Уоллис рассмеялся. К этой реакции я была готова – все мои друзья вели себя таким образом, когда слышали о моей проблеме впервые.

«Уоллис, я, ****ь, на полном серьёзе! Я не знаю что делать, мне страшно, ты должен мне помочь.»

«Откуда ты звонишь?»

«С чёрного входа.»

«Найди телефонный автомат.»

Я вернулась в офис Лэрри. «Мне нужно найти телефон-автомат.»

«Дорогая, что, чёрт возьми, вообще происходит?» Он выглядел раздраженно, обеспокоено и слегка недовольно.

«Я действительно не знаю. Мне надо сделать звонок. Увидимся дома.»

Когда я кратко (и, видимо, не слишком последовательно) изложила всю ситуацию Лэрри, он, в несвойственной ему манере, некоторое время сидел абсолютно безмолвно. Не упрекал меня, эгоистичную идиотку, в том, что я скрывала своё криминальное прошлое, не осуждал чудовищного безрассудства и легкомыслия. Не кричал, что я разрушила свою и его жизни. Он не сказал ничего дурного, даже когда мне пришлось снять со счёта свои накопления, чтобы оплатить услуги адвоката и внести залог. Всё что я слышала: «Мы справимся. Всё будет хорошо. Я тебя люблю».

Тот день стал отправной точкой продолжительного мучительного пути по лабиринту уголовной судебной системы. Уоллис помог найти адвоката. Столкнувшись, как мне казалось, с трагическим финалом своей жизни, я вернулась к старой проверенной манере поведения: замкнулась, уверяя себя, что сама виновата во всём случившемся. Выход следовало найти самостоятельно.
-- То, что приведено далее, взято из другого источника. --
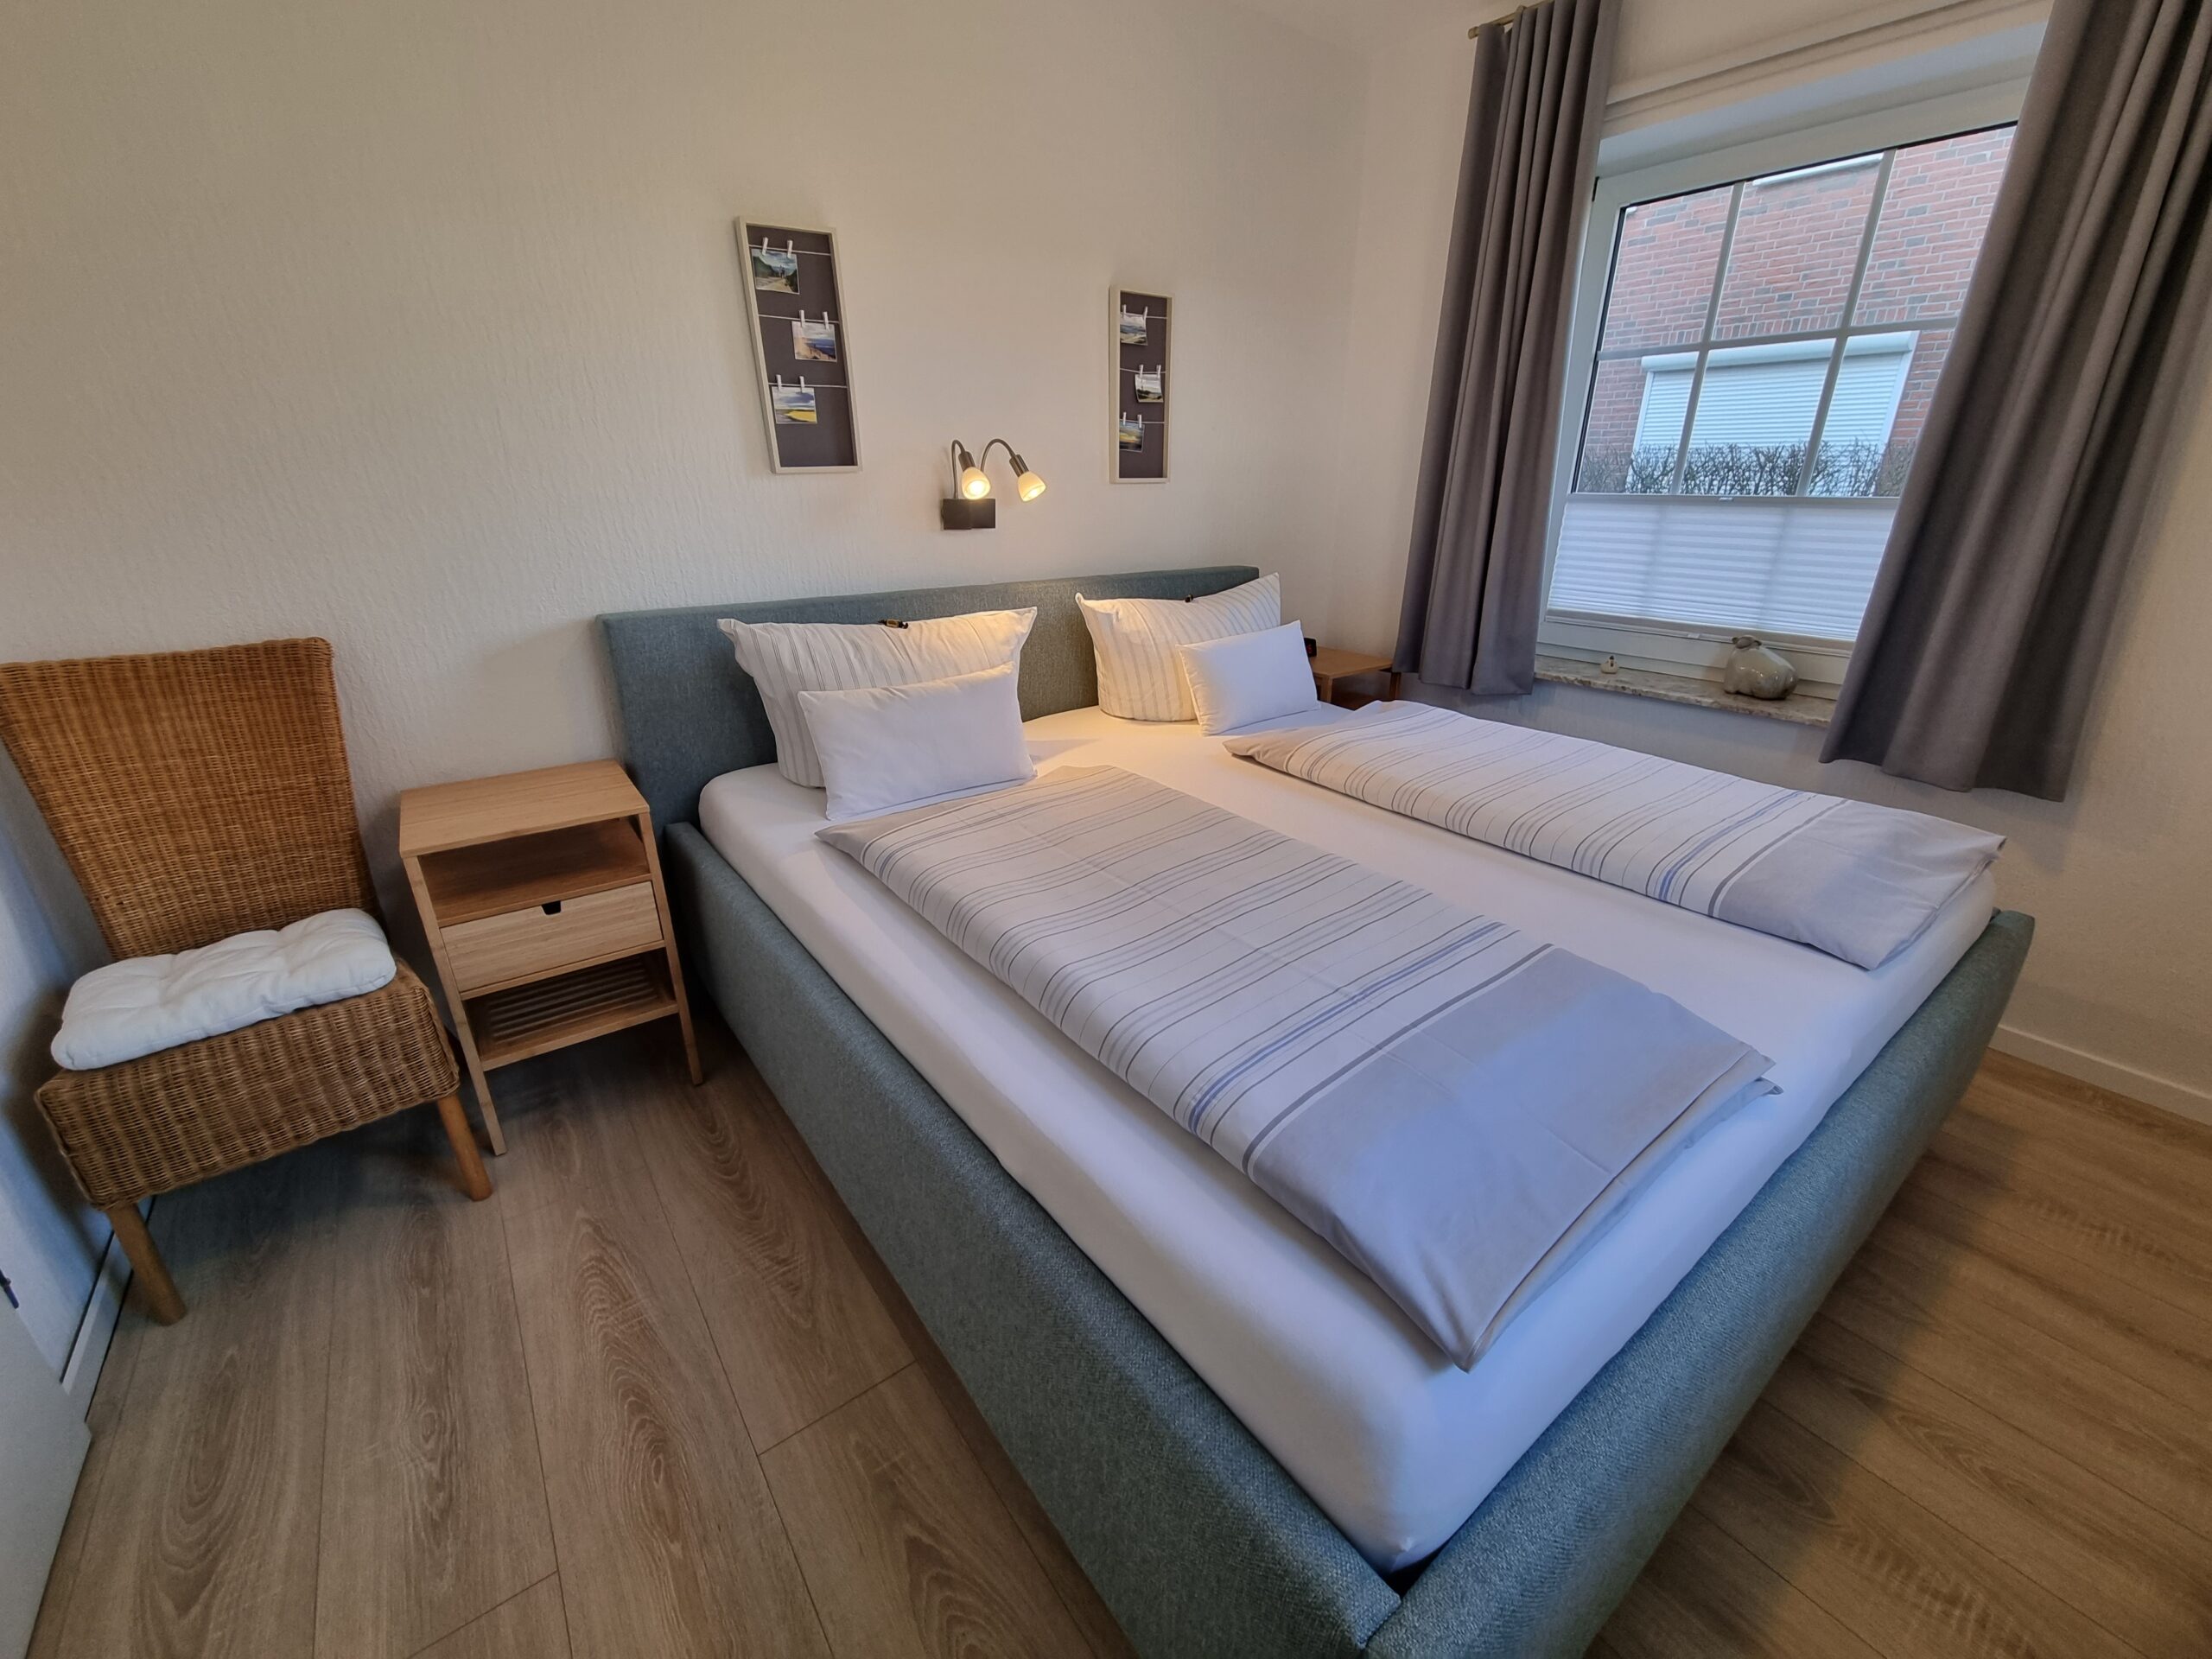 Doppelbettzimmer mit Sicht auf ein Fenster in einer Hotelsuite im Hotel Friesenhuus

Но я не была одинока в своём несчастье – мои родственники и добродушный бойфренд находились в одной упряжке со мной: Лэрри, родители, брат, дедушка, бабушка постоянно поддерживали меня, несмотря на то, что боялись и стыдились моего преступного прошлого. Отец приехал в Нью-Йорк и мы провели четыре мучительных часа добираясь до Новой Англии, где бабушка и дедушка проводили лето. Я не ощущала себя крутой, модной, авантюрной, исключительной, либо строптивой. Всё что я чувствовала – так это то, что сознательно причинила боль и разочаровала всех, кого любила больше всего. Испаскудила свою жизнь.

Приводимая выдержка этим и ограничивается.